“We don’t have time to write tests”

by Jason Swett,

I wish I had a dollar for every time I heard some variation of “we would have written tests for this but we didn’t have time.” Let’s unpack the meaning of this statement.

The hidden (fallacious) beliefs behind “no time for tests”

If I say I didn’t write tests due to lack of time, I must view tests as something “extra”. Tests are an extra thing that take up time but aren’t strictly necessary. The real work of course is the feature development itself, writing application code. If I write tests for my code I can finish in 10 hours but if I skip the tests I can finish in 6 hours. So by excluding tests, I’m making the responsible choice for the business and focusing only on what’s essential.

If I’m thinking this way, I’m fooling myself.

Tests save time in the short run

In my experience most developers believe that testing saves time in the long run but not in the short run. Tests are an investment you make: you slow things down today so that in six months things can be faster.
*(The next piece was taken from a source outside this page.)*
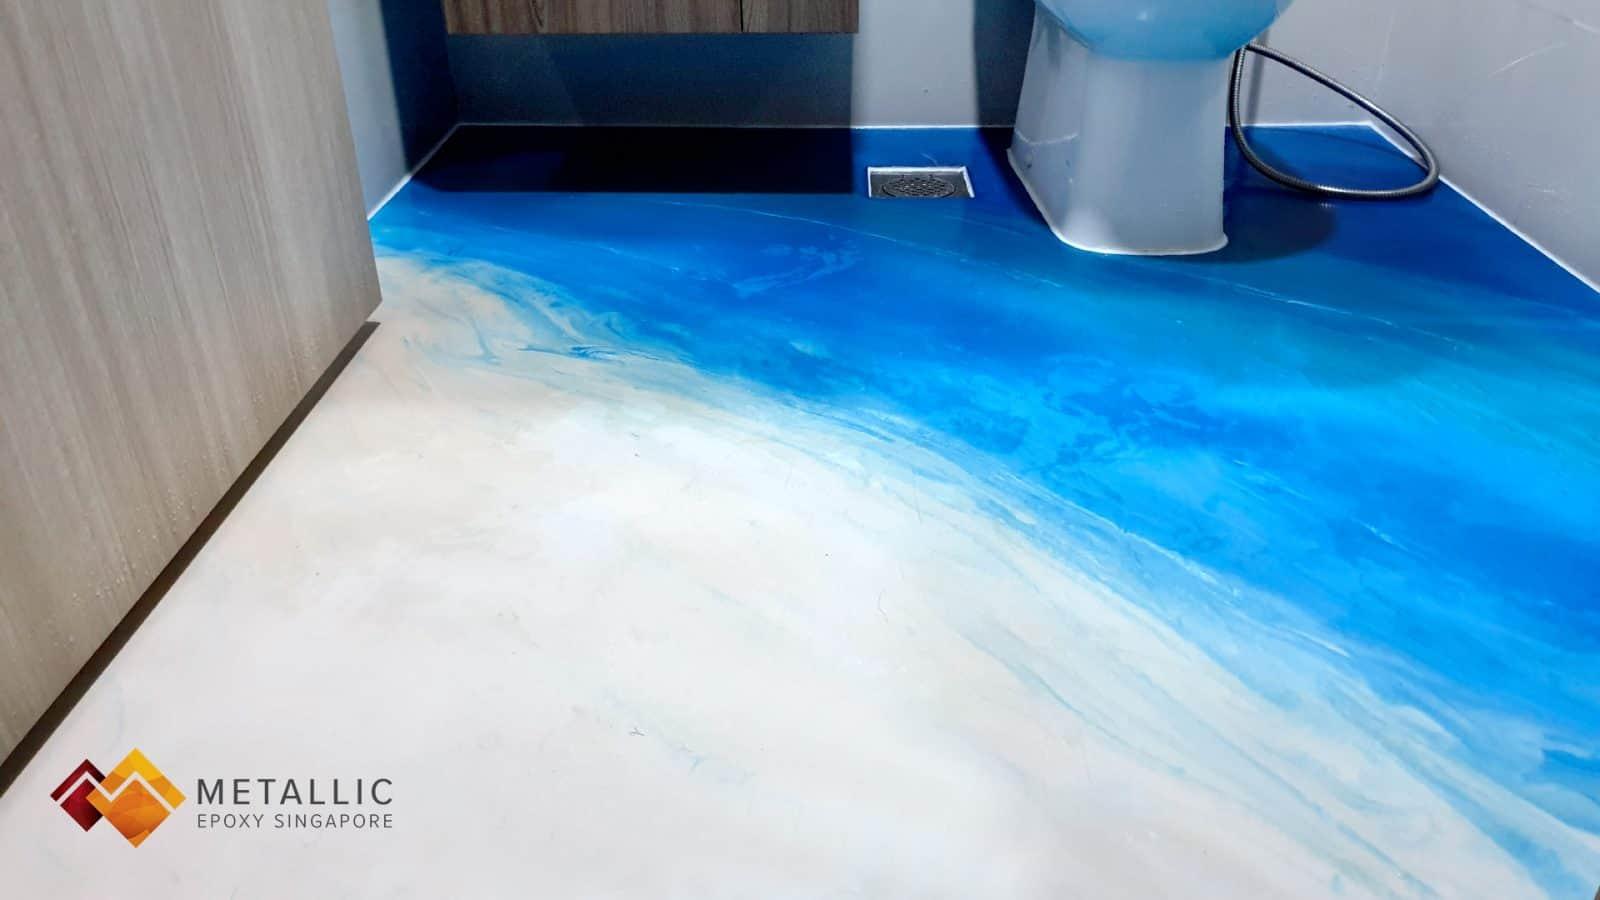 metallic epoxy singapore beach theme bathroom floor

I don’t believe that this is an accurate view of reality. It’s true it often takes longer to write a feature plus tests than it would take to write the same feature without tests. For example, if I build a very simple form that saves a database record and that’s all there is to it, then skipping the test would save time (and writing the test would arguably not add huge value). But the second things get somewhat nuanced, tests start being a big time saver.

The reason is that everything needs to get tested, it’s just a question of whether that testing happens via automated tests or manual tests. Let’s say I’m working on an e-commerce application that has a coupon feature at checkout. Certain coupons can be stacked and certain ones can’t. Certain products are eligible for discounts and certain ones aren’t. There are a lot of possible paths through this feature. All the outcomes need to be tested and, every time the code gets changed, everything needs to be re-tested to check for regressions. Doing this manually is a huge pain in the ass. It’s easier, faster, more reliable and more enjoyable to write automated tests that check all this stuff for us. In this case we don’t have to wait six months before the tests start making our work faster. We experience the benefits of testing immediately.
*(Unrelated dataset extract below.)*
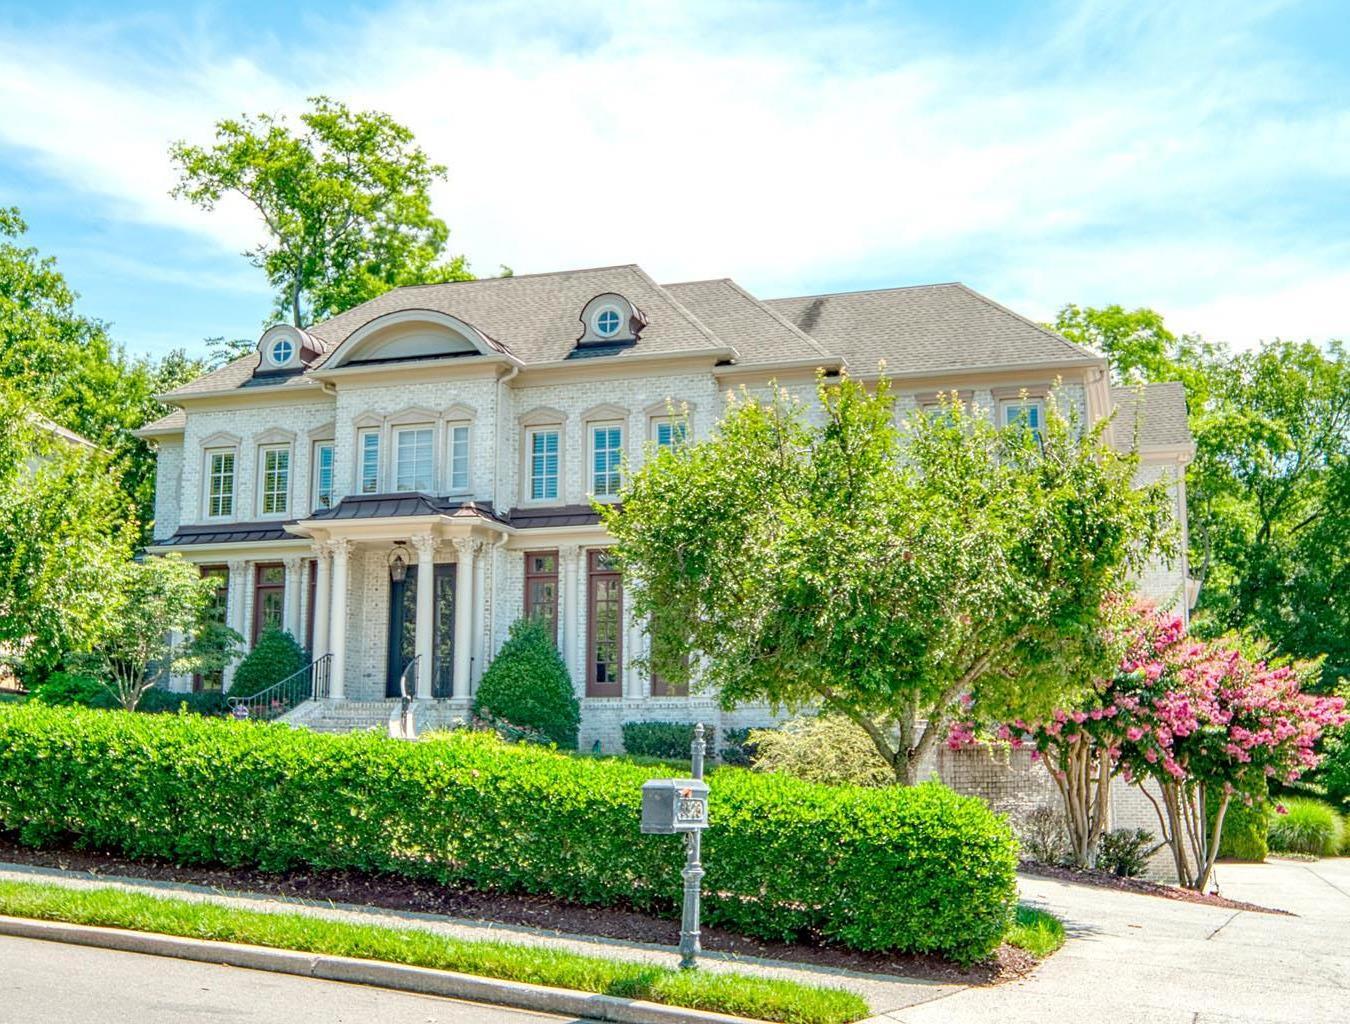 5528 Iron Gate Dr, Franklin, TN 37069 - Franklin, TN real estate listing

How to convince yourself or your manager to let you write tests

When the pressure of a deadline is bearing down upon you and you feel like all the stakeholders are breathing down your neck, it can often be very difficult to resist the temptation to skip testing.

Sometimes the pressure to skip tests comes from leadership/management. But in my experience the choice to skip tests usually belongs to the developers.

When you find yourself in those situations here’s my advice. First ask, “Why do I feel tempted not to write tests?” For me personally, I feel tempted not to write tests when doing so would require me to interrupt my feeling of being “in the zone” so I can stop and puzzle over how to go about writing tests for the code I’m writing. I don’t want to stop the momentum, I want to move onto the next to-do on my list and demonstrate progress to my stakeholders. The idea of writing a test feels irresponsible. So in these situations I remind myself not to listen to my feelings but instead listen to my brain. I let my brain remind me that it’s okay to take the time to do my job the most effective way I know how to do it. I give myself permission to do a good job. That might sound silly but for me it actually works.

If the instruction to skip testing comes from management I think there are three options.

One option is to try to educate management that writing tests actually saves time, not just in the long term but in the short term. Unfortunately, experience tells me that this approach is usually not successful. If management commands the development team not to write tests, the root cause is usually an unfixable “we’re too busy sawing to sharpen the saw” mindset that can’t be reversed with any amount of reasoning. Stupid managers can’t be trained to be smart. But if management is in fact smart but uneducated on testing, there’s hope. Managers really do want their developers to follow good practices to ensure sustainable productivity. If your manager is smart, he or she will probably be on your side on the testing issue, provided the manager really understands what it’s all about.

Another option is just to say fuck it and write tests anyway, against orders. I personally have never been big on the idea of doing my work in a dumb way just because my boss told me to. Sometimes I get in trouble for it, sometimes I don’t. One time I got fired for my uncooperativeness. Usually I don’t get in trouble though and everything works out fine. I will say, by the way, that I don’t think I’ve ever been ordered not to write tests. I have been ordered to do other dumb things though, like write code in isolation for three months before deploying to production. This leads me to option three.

If you’re continually ordered by management to skip tests, a very real option is just to leave and get a different job.

But no matter what your scenario, don’t fall into the fallacious belief that skipping tests saves time. It usually doesn’t.